Amy Mcadam 1 Paul R. Mahaffy 1 Slavka C. Andrejkovicova 1, 2 Paul D. Archer 3 Sushil K. Atreya 4 Arnaud Buch 5 Patrice Coll 6 Pamela G. Conrad 7 Gregory Flesch 8 Heather B. Franz 1 Caroline Freissinet 9 Daniel Patrick Glavin 1 Joanna V. Hogancamp 3 Christopher H. House 10 Christine A. Knudson 1, 2 Lewis M. James 1 Charles A. Malespin 1 Peter M. Martin 11 Maeva Millan 1, 12 Douglas W. Ming 3 Richard V. Morris 3 Rafael Navarro-González 13 Andrew Steele 14 Jennifer C. Stern 1 Roger E. Summons 15 Brad Sutter 16 Cyril Szopa 9 Samuel Teinturier 1 Melissa Grady Trainer 1 Christopher R. Webster 8 Greg M. Wong 17
Abstract : Over the last five years, the Curiosity rover has explored a variety of fluvial, lacustrine and aeolian sedimentary rocks, and soils. The Sample Analysis at Mars (SAM) instrument has analysed 3 soil and 12 rock samples, which exhibit significant chemical and mineralogical diversity in over 200 meters of vertical section. Here we will highlight several key insights enabled by recent measurements of the chemical and isotopic composition of inorganic volatiles and organic compounds detected in Gale Crater materials. Until recently samples have evolved O2 during SAM evolved gas analyses (EGA), attributed to the thermal decomposition of oxychlorine phases.

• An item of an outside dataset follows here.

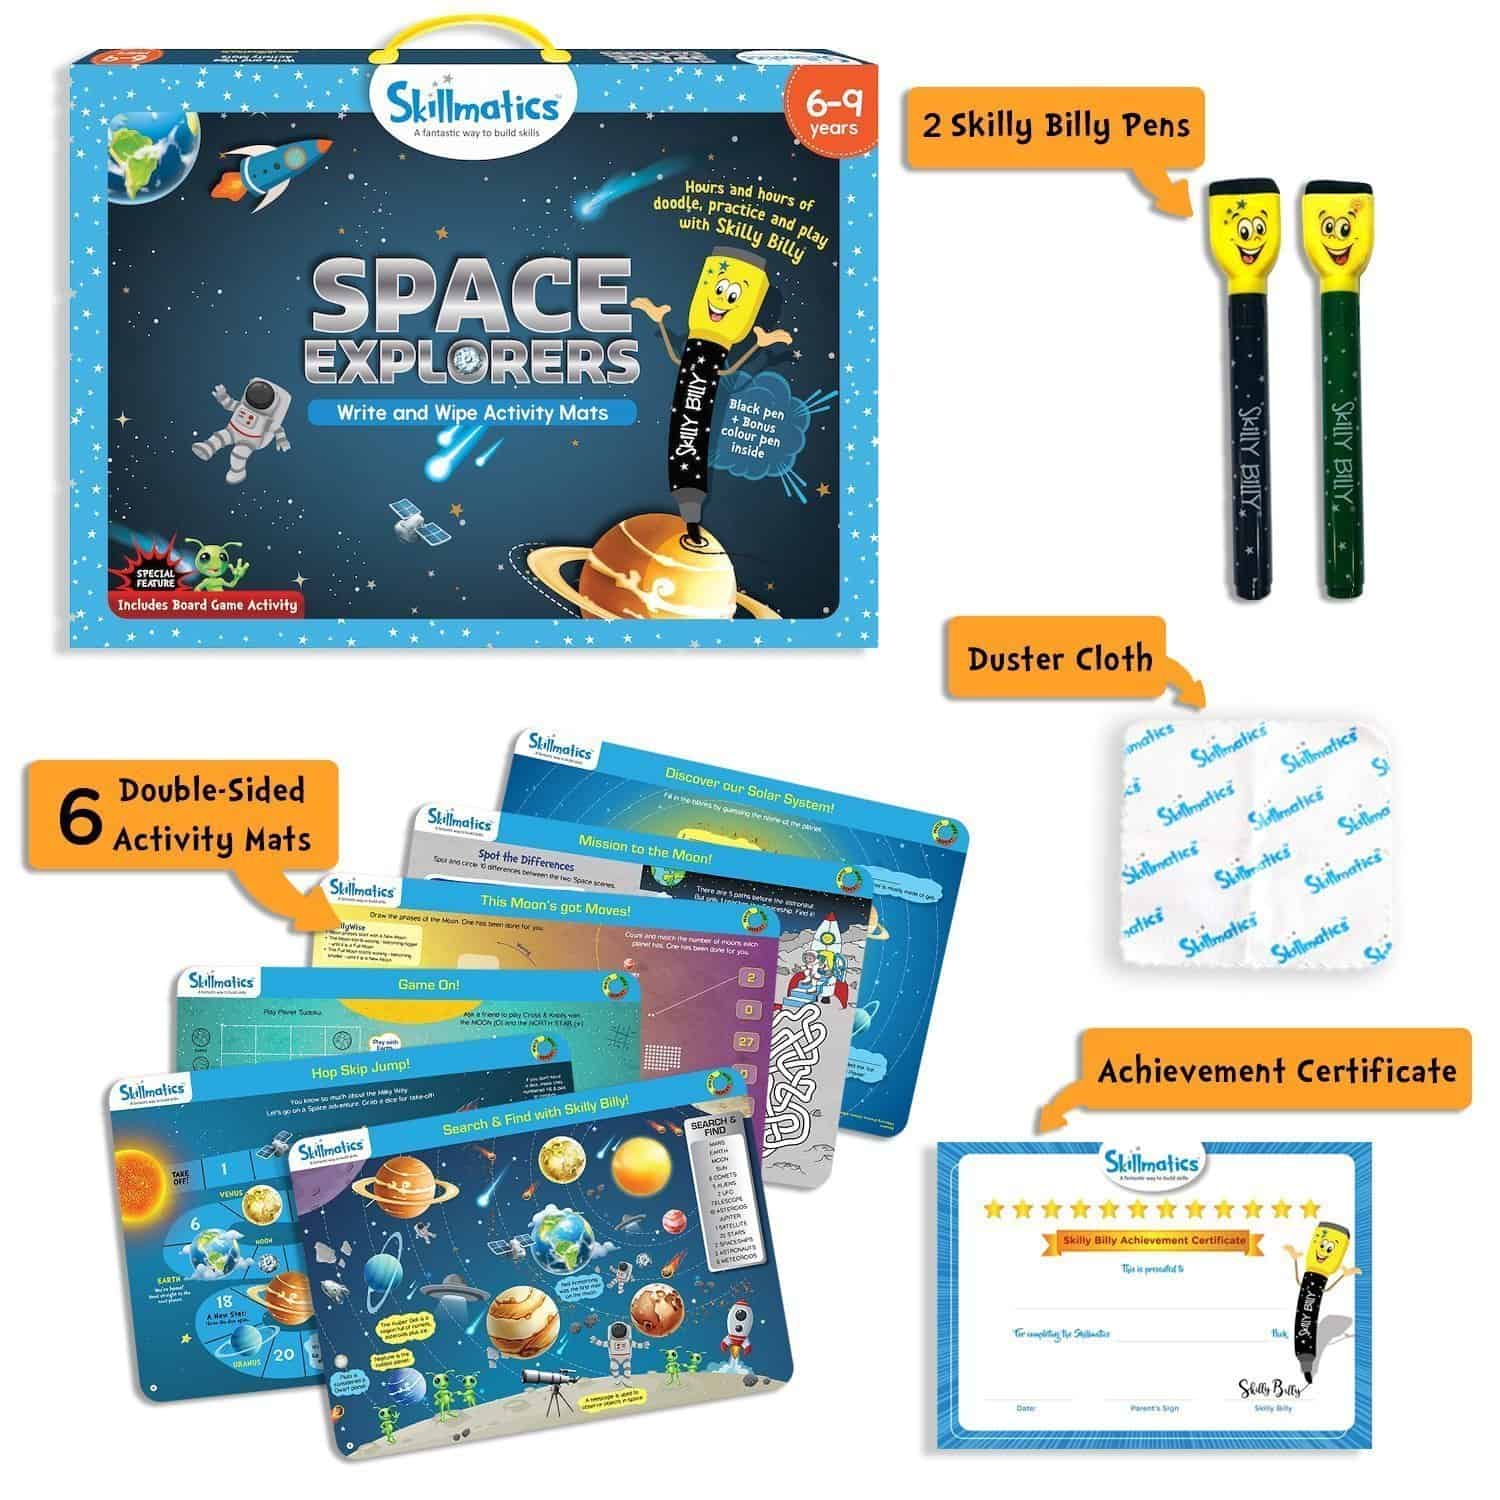 Skillmatics Space Explorers - Teach Kids About Space - Write & Wipe - SOLONY
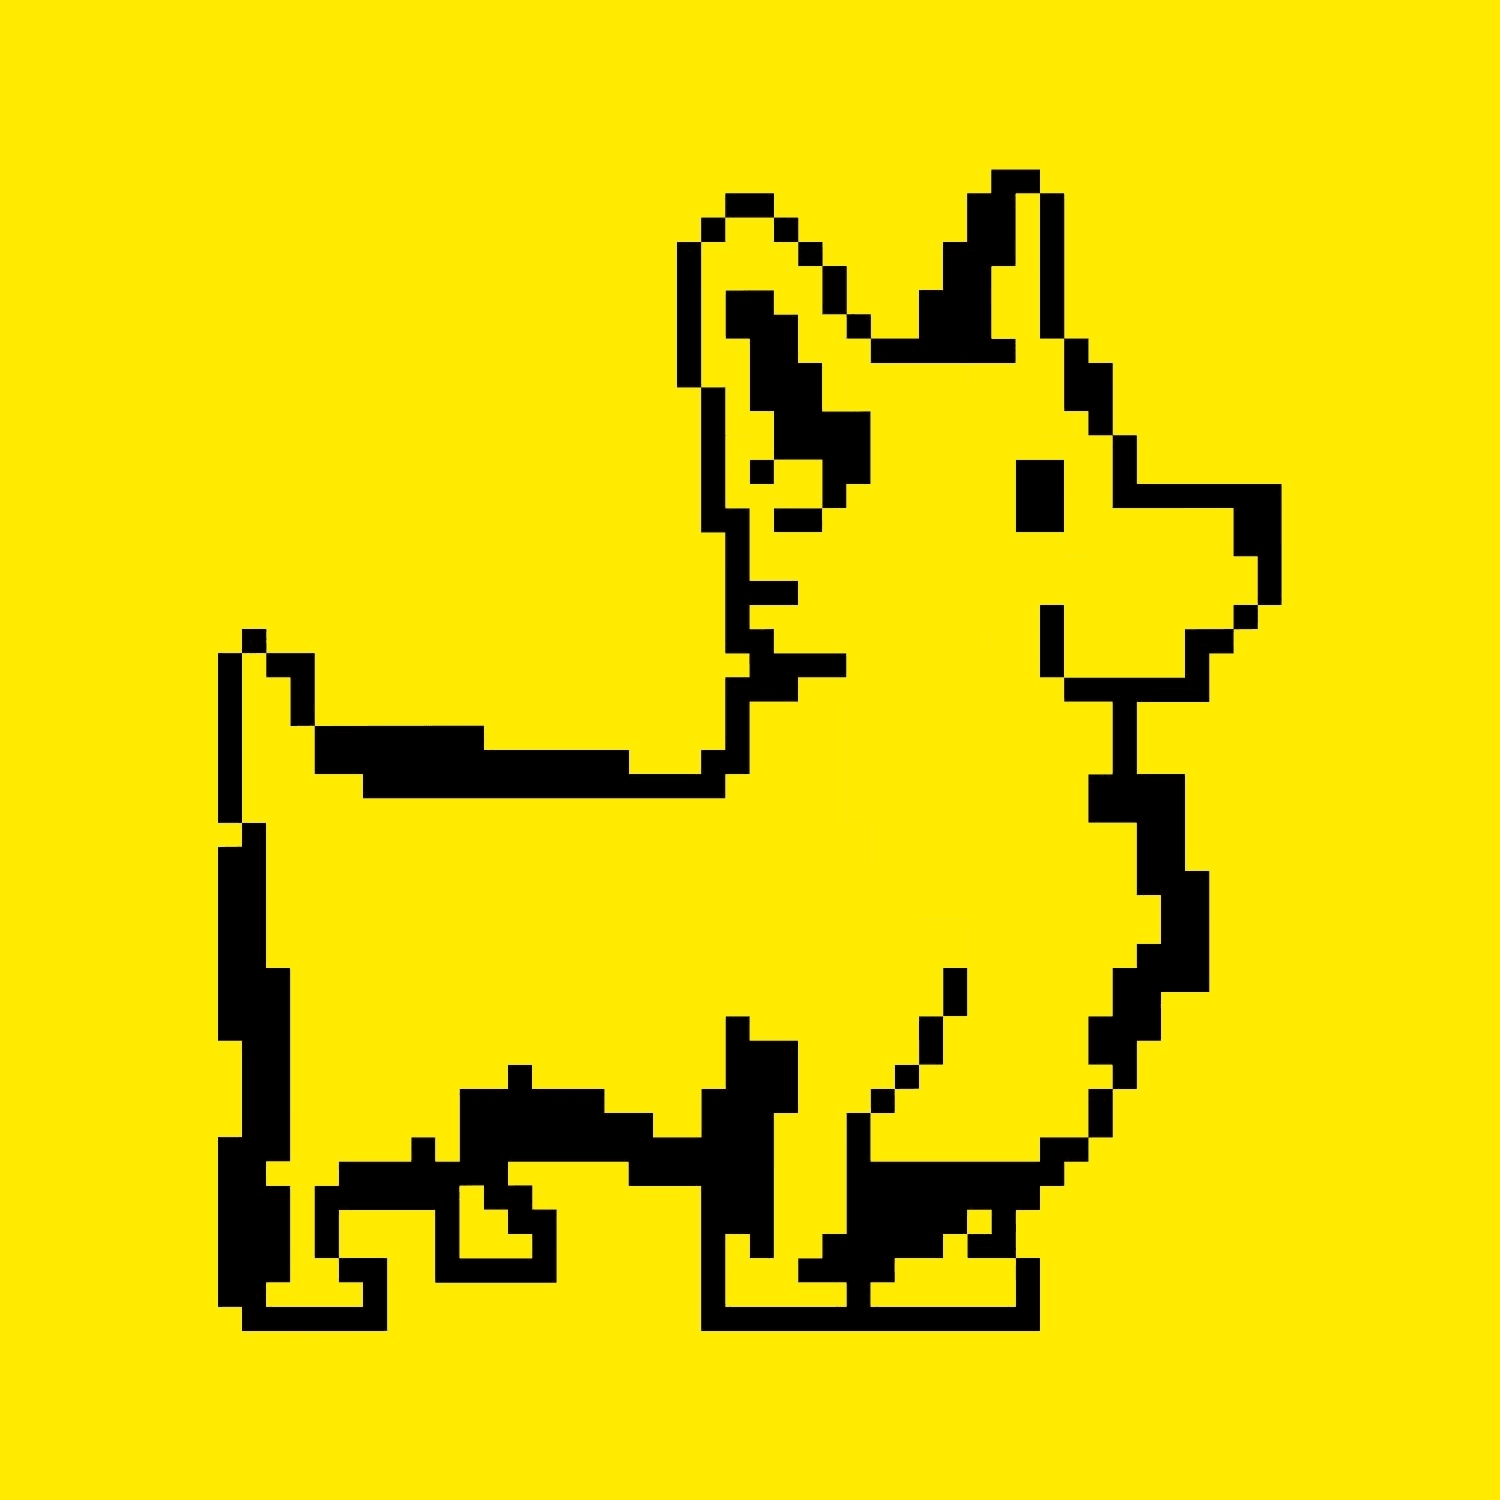 Pixelated Corgi #21 (Airdrop) - 🔥 Don't Miss Out on New Hot Items

A lack of O2 evolution from recent mudstone samples may indicate a difference in the composition of depositional or diagenetic fluids, and can also have implications for the detection of organic compounds since O2 can combust organics to CO2 in the SAM ovens. Recent mudstone samples have also shown little or no evolution of NO attributable to nitrate salts, possibly also as a result of changes in the chemical composition of fluids [1]. Measurements of the isotopic composition of sulfur, hydrogen, nitrogen, chlorine, and carbon in methane evolved during SAM pyrolysis are providing constraints on the conditions of possible paleoenvironments [e.g., 2, 3]. There is evidence of organic C from both EGA and GCMS measurements of Gale samples [e.g., 4, 5]. Organic sulfur volatiles have been detected in several samples, and the first opportunistic derivatization experiment produced a rich dataset indicating the presence of several organic compounds [6, 7]. A K-Ar age has been obtained from the Mojave mudstone, and the age of secondary materials formed by aqueous alteration is likely <3 Ga [8]. This relatively young formation age suggests fluid interactions after the end of most fluvial activity on the surface of Mars. As these highlights show, SAM measurements of solid samples have made diverse and important contributions to the exploration of Gale’s rock records of martian environmental history and habitability.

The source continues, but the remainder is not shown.